I don’t know if you can, but I would refuse IF you did not have an opportunity to see the doctor.

However, if the doctor said there was nothing wrong with you, you went there for their professional opinion and you got it, whether you liked the answer or not. You are free to get a second opinion. I think that’s where you are stuck with the bill. I suppose you can fight it, but it’s one of those consultation things where their time and their expertise is the issue, not whether you disagreed with the diagnosis.

lfino's avatar

You may be paying for the office visit, and not really for the non-treatment or non-diagnosis. You can call the office and ask what it is you’re paying for, or if you look at the receipt they gave you, it should say it on there. It may be coded, but usually the number of the code will be listed somewhere on that receipt. If it is the office visit fee, then there’s nothing that you can really do. It’s basically paying for the time you spent there. Everybody pays for the office visit. Sometimes if you’re coming back for a recheck, to just check ears or throat or something that takes just a second to do, a doctor won’t charge, but for the first time, you pay.

MagsRags's avatar

If you walked out feeling dissatisfied with the care you received, you might consider writing a coherent and polite letter to the office manager. Sometimes charges are written off in the name of good customer relations.

john65pennington's avatar

You left out your co-payment fee of $10 or $20 dollars. apparently, you went to your doctor and he told you absolutely nothing? then, why did you go? you left out some very important details. we need details.

missyb's avatar

I did once.
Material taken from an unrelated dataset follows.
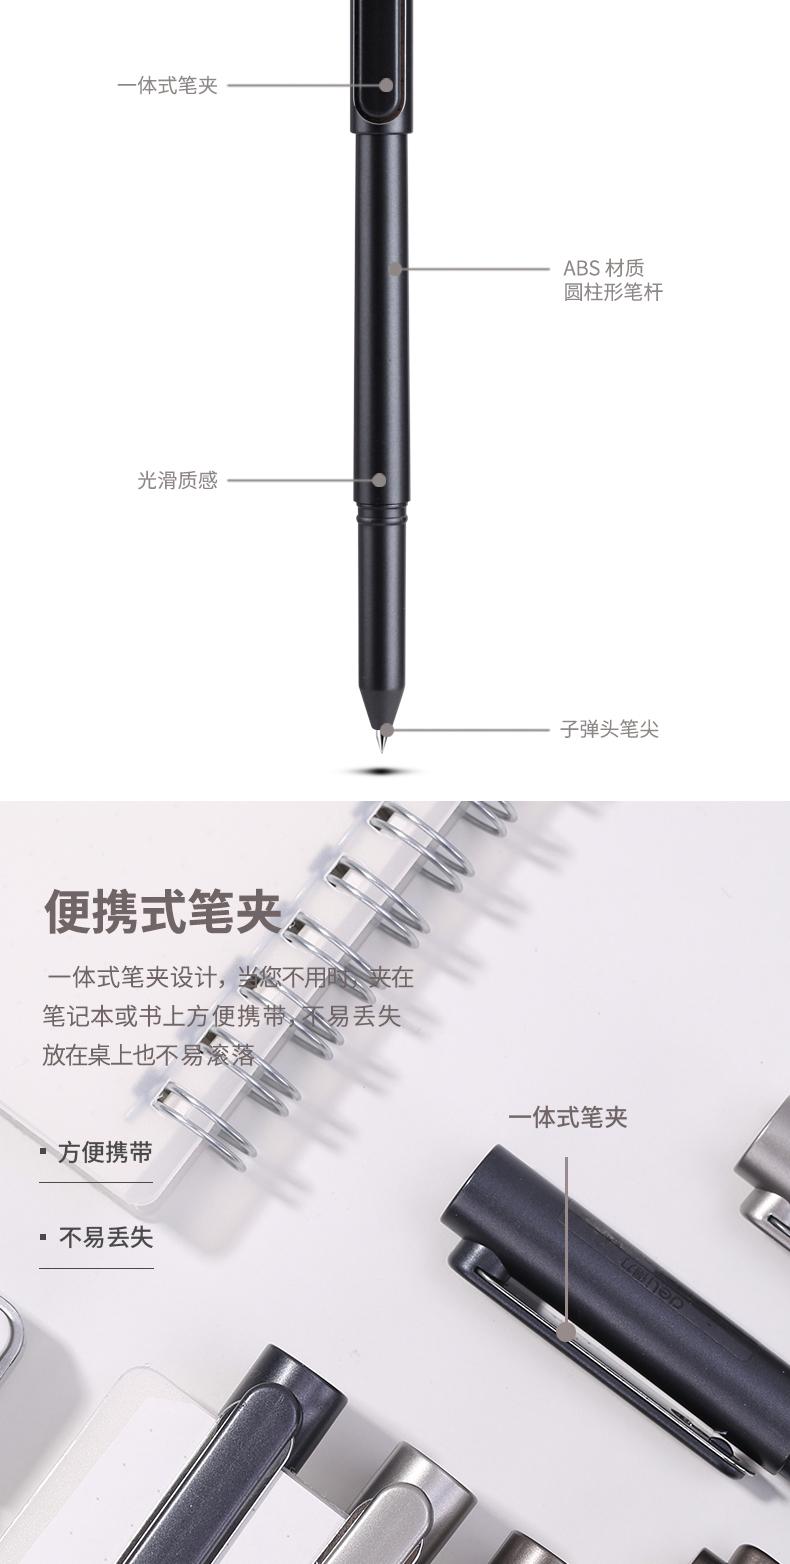 得力(deli)乐素0.5mm黑色中性笔签字笔 金属喷漆子弹头水笔12支/盒
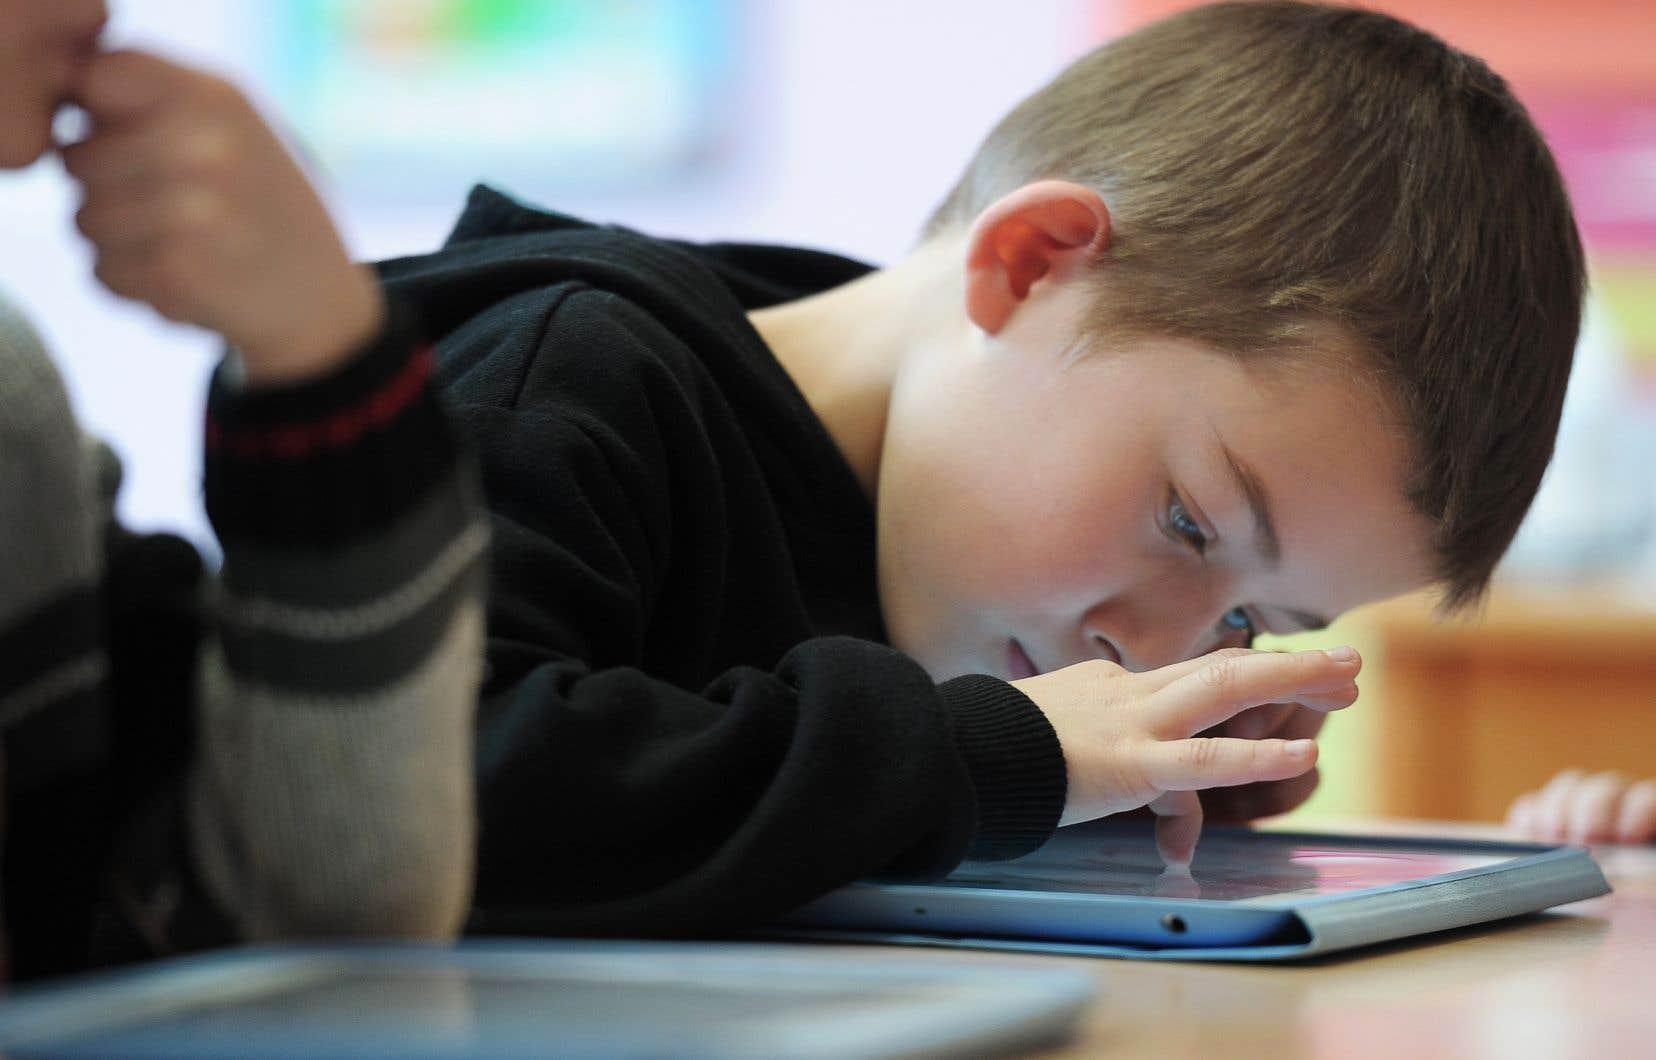 Oui, les élèves passent trop de temps devant les écrans, mais reformulons: les élèves passent trop de temps pour se divertir devant un écran.

I wrote a polite letter explaining why I was dissatisfied and they waived the office visit fee, but I still needed to pay for all the lab work.

marinelife's avatar

You are paying for the doctor’s time.

How did it even occur that there was no trearment and no diagnosis? What was said?

Rarebear's avatar

Agree with @Marina. You’re paying for the doctor’s time. And sometimes there is nothing wrong to make a diagnosis.

casheroo's avatar

I don’t know about you, but I don’t think we’d have specialists if one doctor could magically diagnose us in one visit. I’d need more details on why you feel they did nothing. Maybe there was nothing wrong with you. You still took up their time.

missyb's avatar

In my case the doctor I was scheduled to see, who was a specialist, went on maternity leave. I didn’t find out I was seeing a different doctor until almost the end of the visit. I had never been there before, so I didn’t know any of them. I ended up re-scheduling with the original doctor a couple of months later, who gave me a proper diagnoses and treatment.

CorwinofAmber's avatar

@ All: This was not a personal encounter which I experienced; this was very simply a customer service question… @ casheroo: You took my time; should I bill you too? ;))

marinelife's avatar

@CorwinofAmber It is not the same thing at all. You went to see the doctor in a professional setting with an expectation of payment.